* [What the exercise asks]
For every record beneath this instruction, give an exact repetition, omitting images.

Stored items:
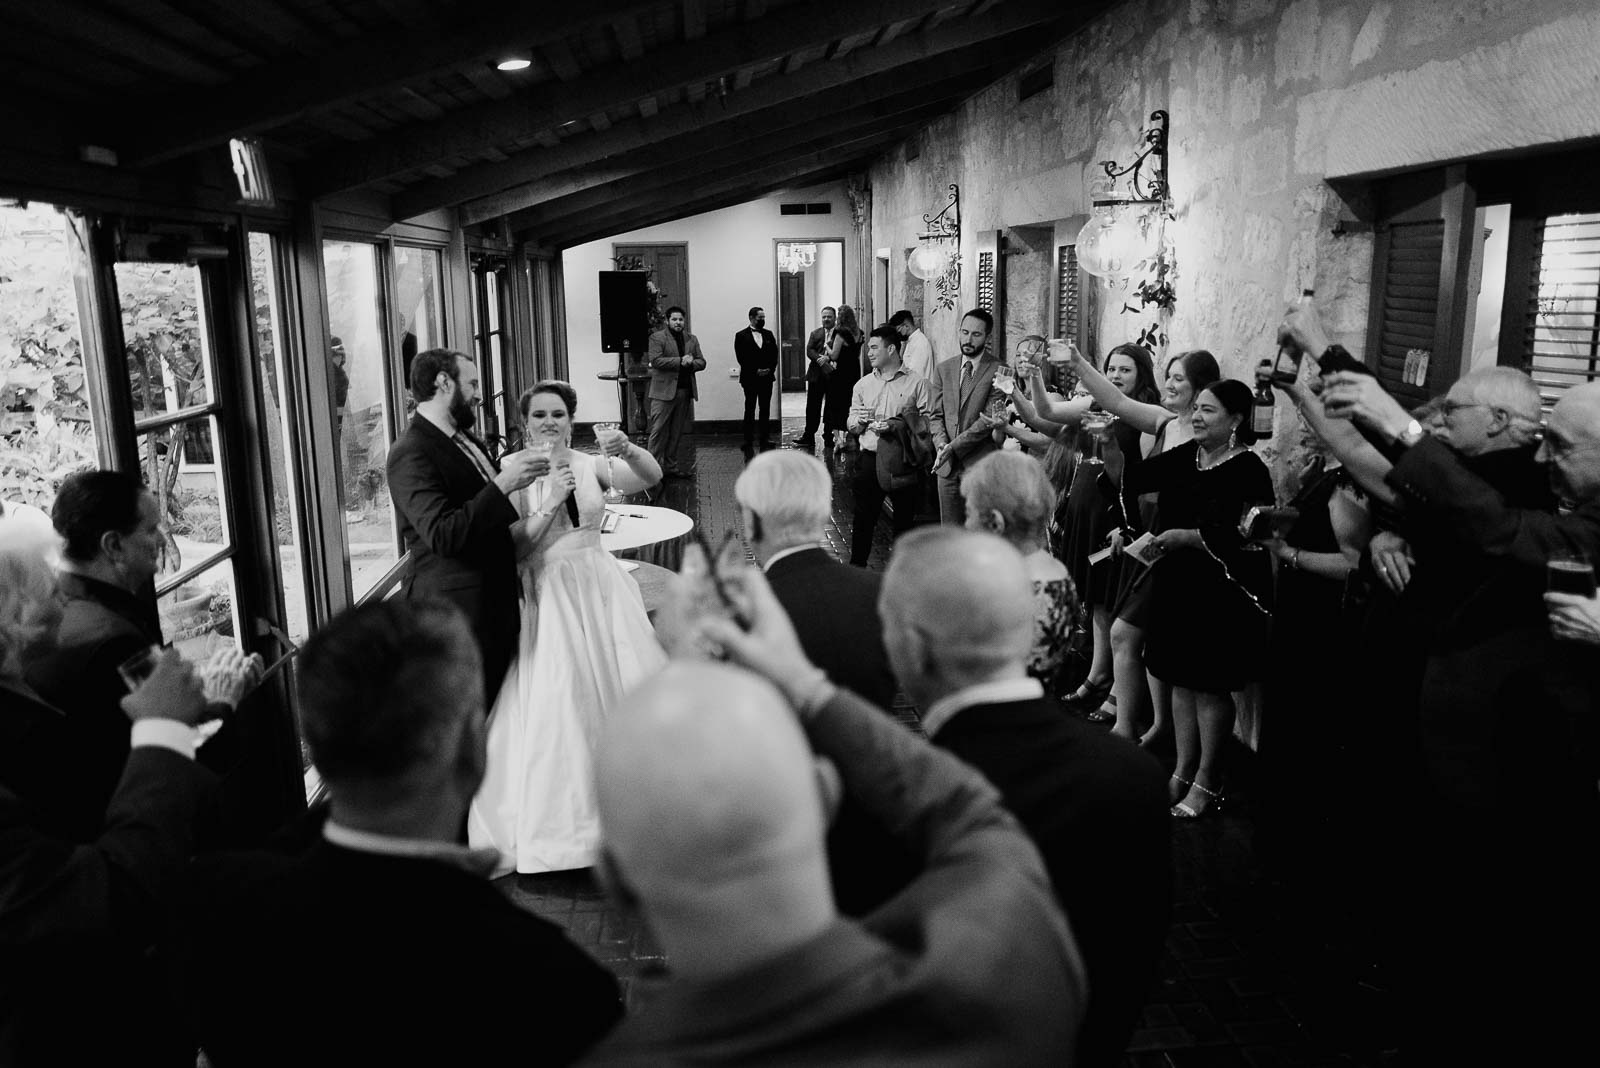 039 Club Giraud Wedding ceremony reception Leica photographer Philip Thomas Photography
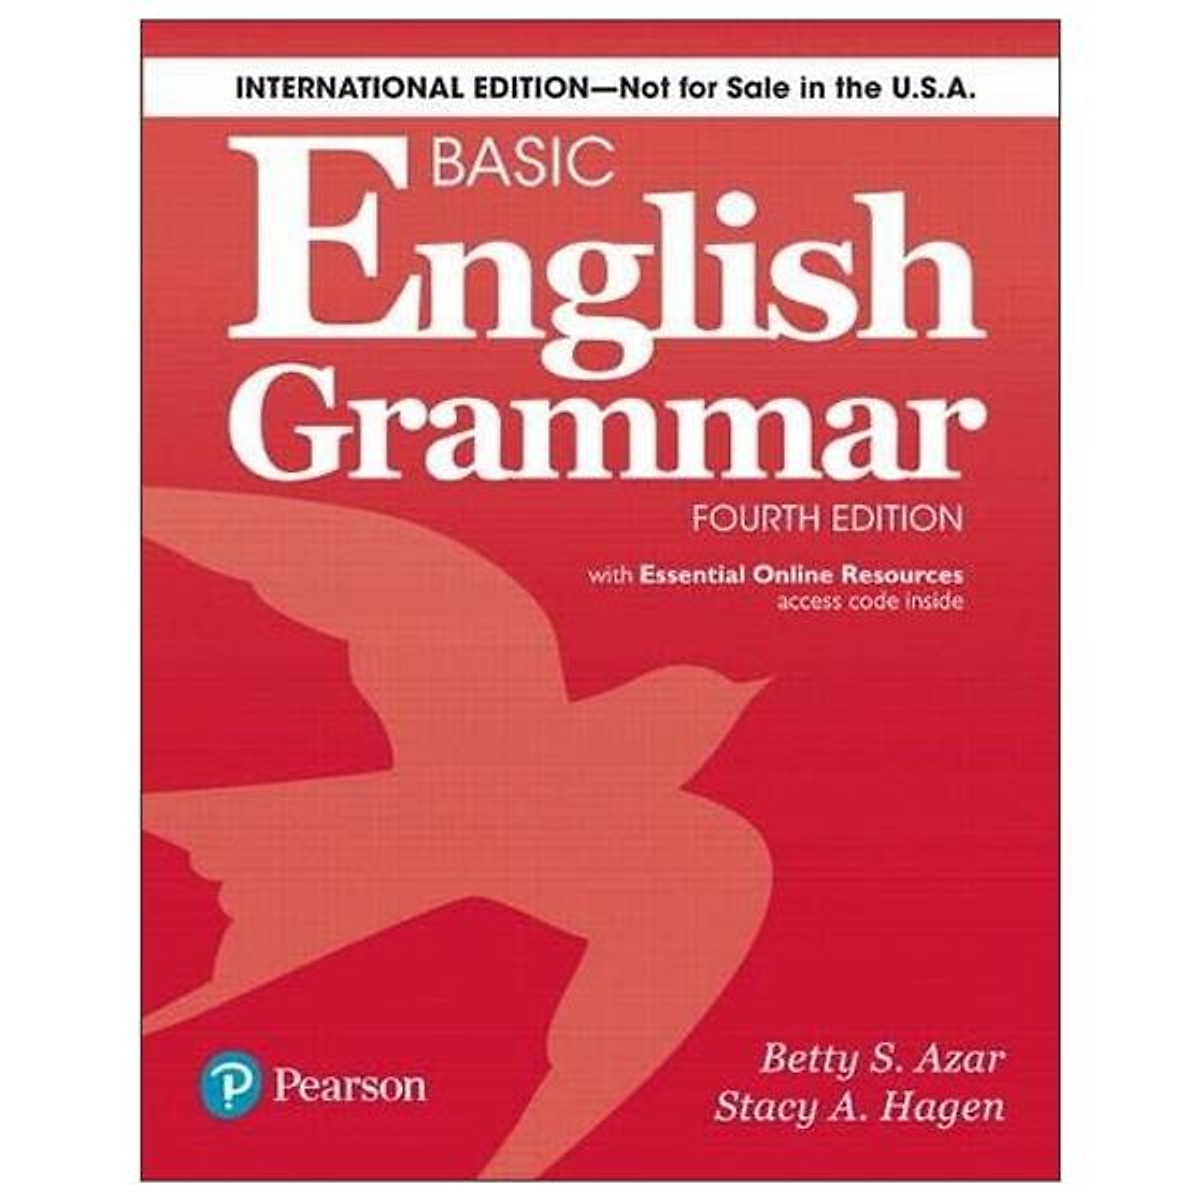 Basic English Grammar 4e Student Book With MyLab English, International Edition
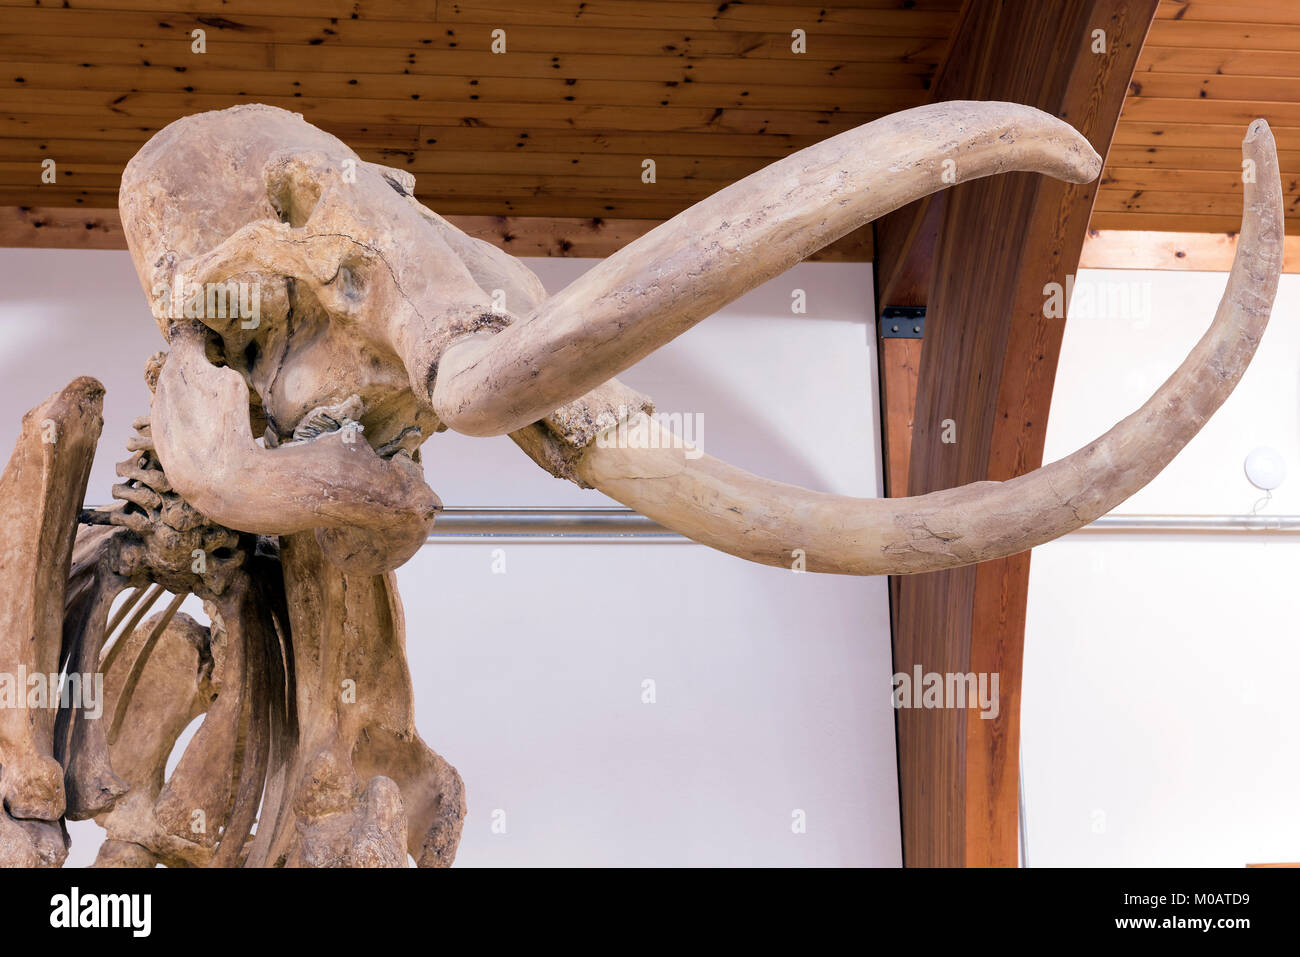 Skelett von Wolly Mammoth Hot Springs, S. Dakota, USA, von Dominique Braud/Dembinsky Foto Assoc Stockfoto
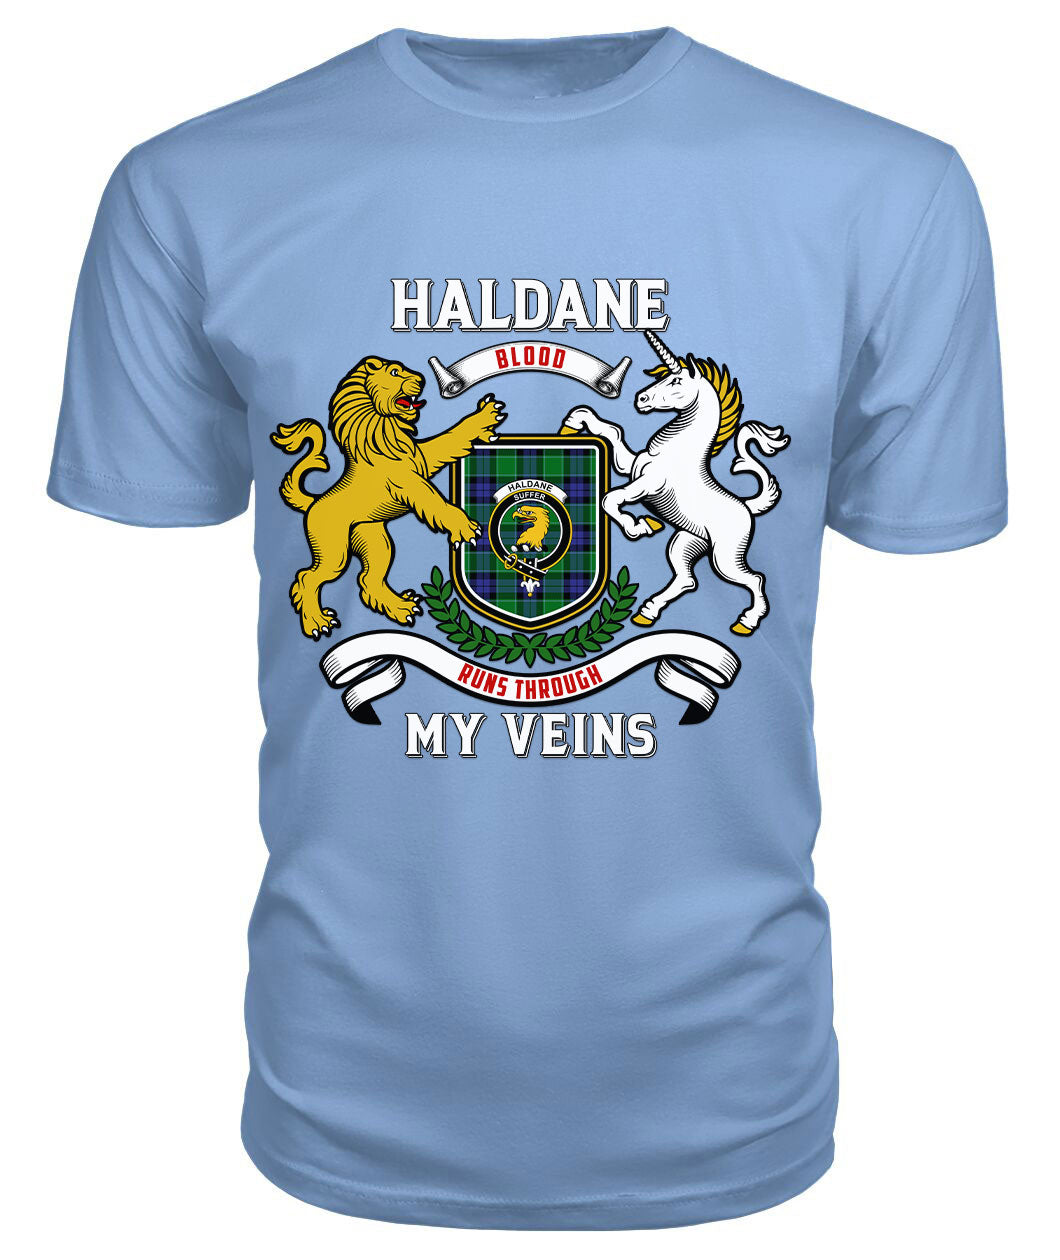 Haldane Tartan Crest 2D T-shirt - Blood Runs Through My Veins Style
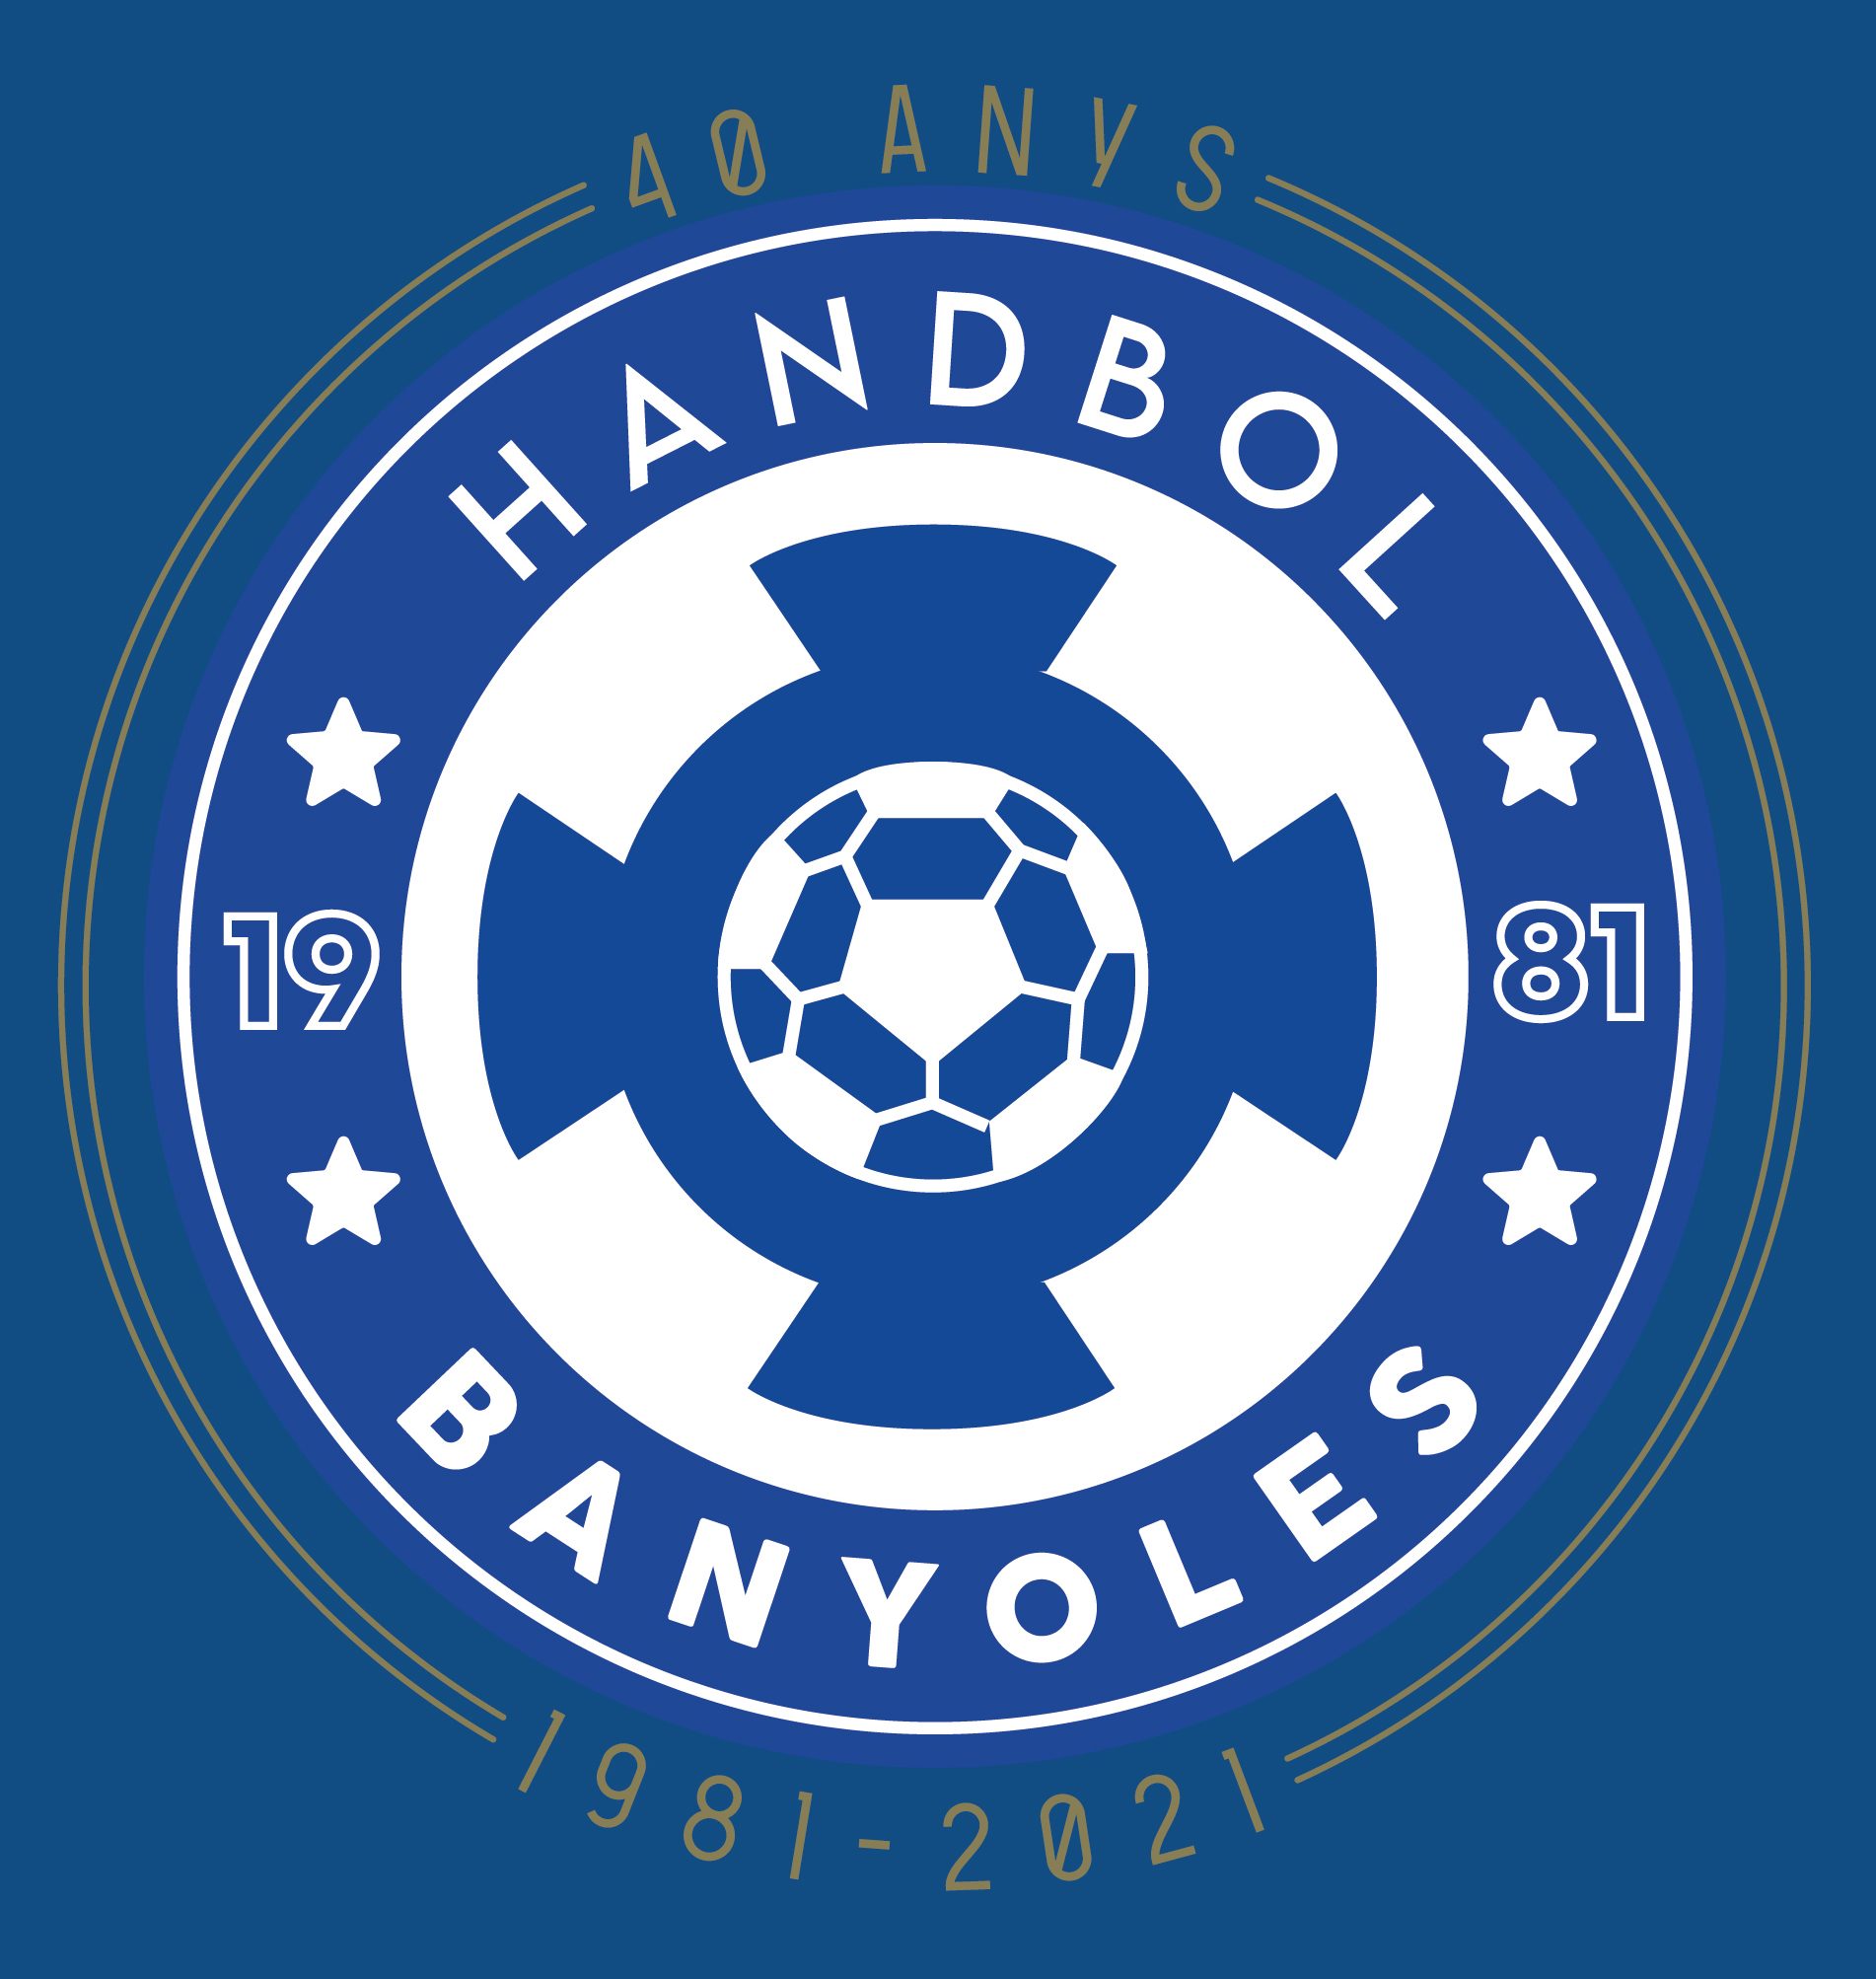 Handbol Banyoles

* [Final answer]
 039 Club Giraud Wedding ceremony reception Leica photographer Philip Thomas Photography
 Basic English Grammar 4e Student Book With MyLab English, International Edition
 Skelett von Wolly Mammoth Hot Springs, S. Dakota, USA, von Dominique Braud/Dembinsky Foto Assoc Stockfoto
 Haldane Tartan Crest 2D T-shirt - Blood Runs Through My Veins Style
 Handbol Banyoles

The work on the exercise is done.